By partnering with Cin7, you can automate your workflow as well as get better analytics and insights about your inventory, which helps in data-driven decision making. You can also partner with the best 3PLs through our integrations.
The experts at Cin7 can help you build a resilient supply chain for your business. Book a call now to discover more!
Frequently Asked Questions
Supply chain resilience is your ability to keep goods moving when life throws a curveball—think storms, shutdowns, or sudden spikes in demand. A resilient supply chain can spot trouble early, bend without breaking, and bounce back fast so your customers still get what they ordered.
What is supply chain resilience?
Supply chain resilience is your ability to keep goods moving when life throws a curveball—think storms, shutdowns, or sudden spikes in demand. A resilient supply chain can spot trouble early, bend without breaking, and bounce back fast so your customers still get what they ordered.
What are the 4 pillars of supply chain resilience?
Most experts group resilience into four core pillars:
- Visibility – see inventory, orders, and risks in real time.
- Flexibility – switch suppliers, routes, or production plans when the unexpected hits.
- Collaboration – share data and work from the same playbook with partners and teams.
- Control – use processes and tech (like our IMS) to act on issues before they snowball.
Nail these four and you’ve got a supply chain that rolls with the punches.
How do you measure supply chain resilience?
Start with three quick checks:
- Time to survive – how long you can keep fulfilling orders after a disruption starts.

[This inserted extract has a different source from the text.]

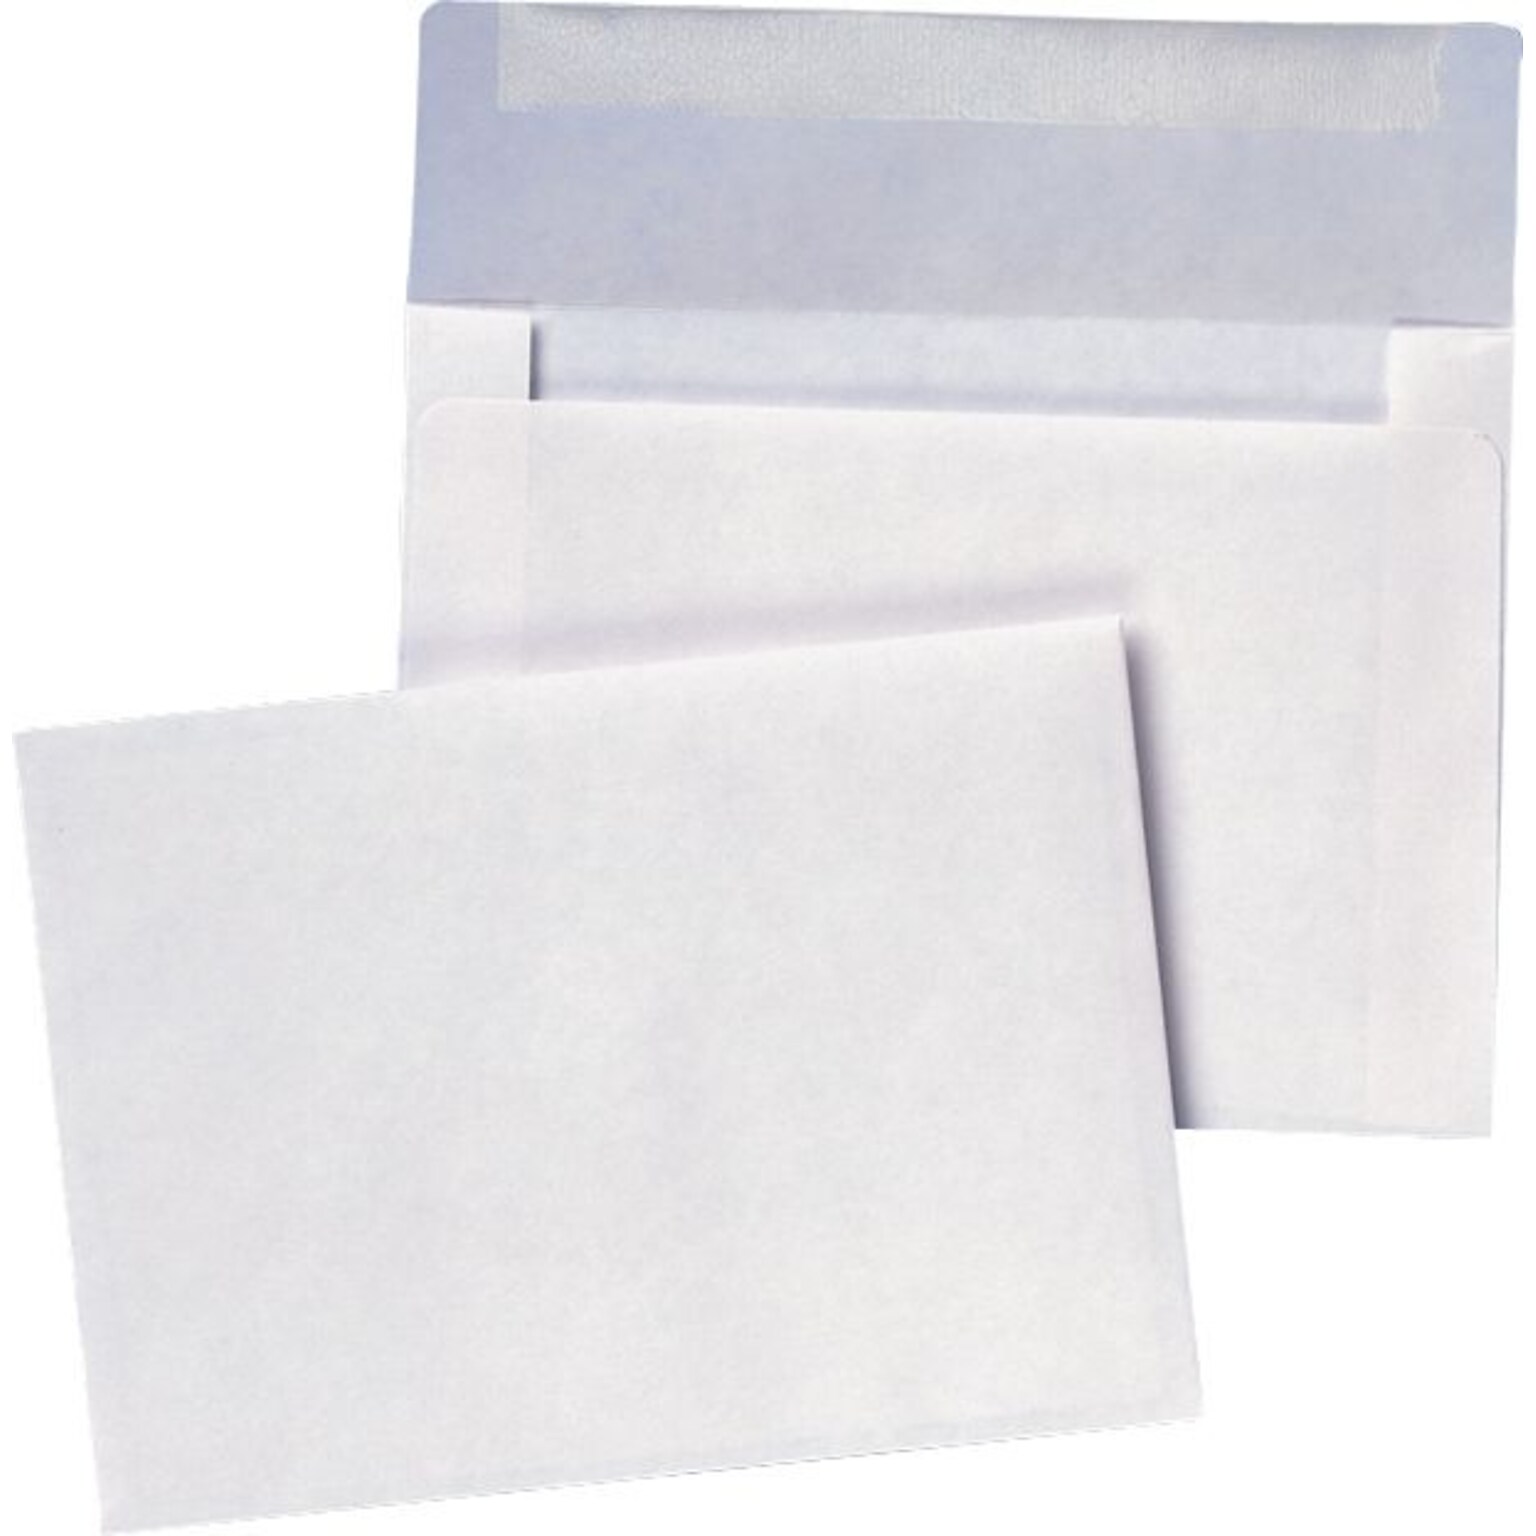 Quality Park Gummed Invitation Envelopes, 4 3/8 x 5 3/4, White 100/Bx

- Time to recover – how long it takes to get back to your normal operating capacity.
- Time to thrive – how fast you move from “we’re back” to “we’re better,” using lessons learned.
Track these numbers and you’ll know whether your supply chain bounces or breaks.
What are the biggest risks to supply chain resilience?
The six major risk categories are operational (machine failures, mismanagement), financial (supplier bankruptcy or cash flow issues), legal (lawsuits and regulatory violations), geopolitical (trade wars, policy changes, conflicts), environmental (hurricanes, earthquakes, climate change), and cybersecurity (data breaches and system attacks). Businesses that prepare for all six categories recover faster when disruption hits.